Hard law instruments are binding on Member States. They are usually initiated by the European Commission, using its right of initiative.
Directives are legal instruments addressed to the Member States, that can be adopted either by the Council in conjunction with the European Parliament, or by the European Commission alone and which require member states to achieve a certain result without dictating the methods chosen to achieve it.
Directives usually provide for a timetable for their implementation by member states into national law (“transposition”). Failure to do so by the deadline or improper transposition can lead to the Commission starting an infringement proceeding against the concerned member state before the European Court of Justice.
It must be noted that following European jurisprudence, it is now considered that Directives can under certain conditions have a direct effect, whereby an EU citizen can ask them to be enforced before a national court of law regardless of their transposition.
Decisions are legal instruments used to give a ruling on a particular issue that can be adopted either by the Council alone, or by the Council in conjunction with the European Parliament, or by the European Commission alone.

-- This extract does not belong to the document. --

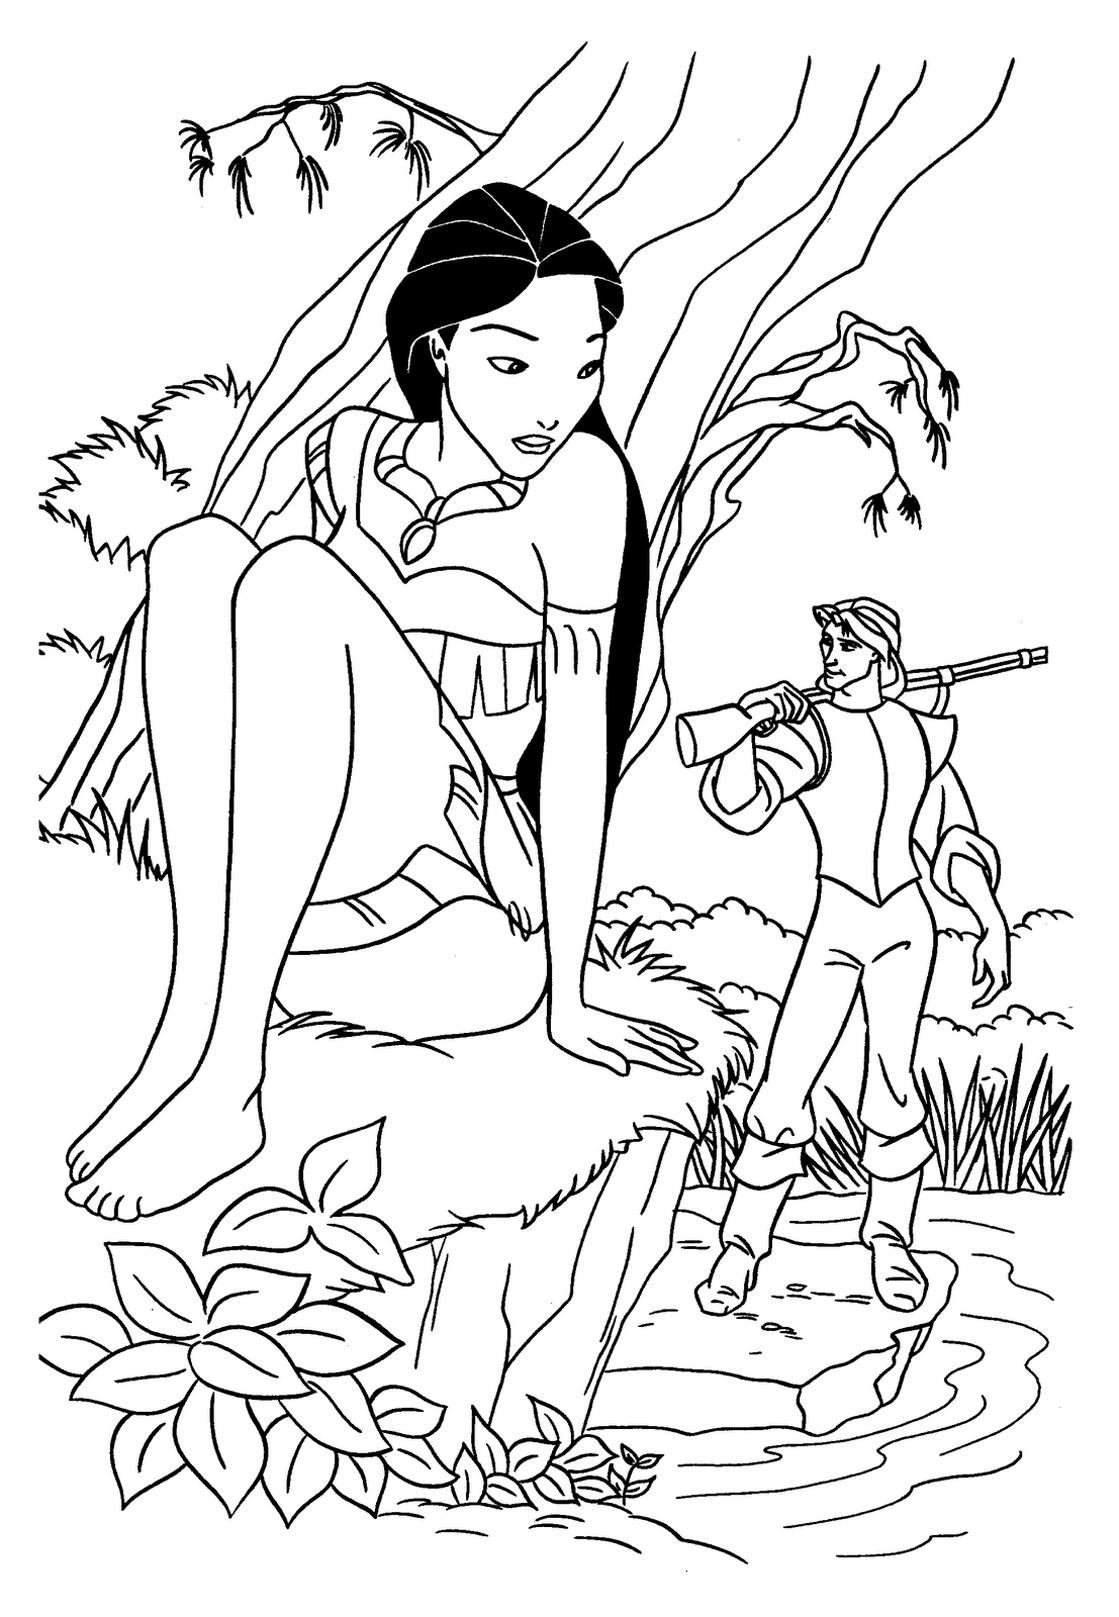 Coloriage Princesse Pocahontas Disney À Imprimer Et Colorier dedans Coloriage Princesse

Decisions are individual measures (as opposed to regulations) that are binding in their entirety, and that usually either require a Member state or a person (natural and legal) to take or refrain from taking a particular action, or confer rights or impose obligations on a Member state or person. Well-known types of Decisions are those issued by the Competition Commissioner in case of proposed mergers.
Regulations are legal instruments that apply in a general manner (as opposed to decisions) and that can be adopted by the Council in conjunction with the European Parliament, or by the European Commission alone. In other words, unlike Decisions, which are aimed at specified recipients, and Directives, which are addressed to the Member States, Regulations apply to everyone directly, i.e. with immediate effect and without the need for national legislation to transpose them.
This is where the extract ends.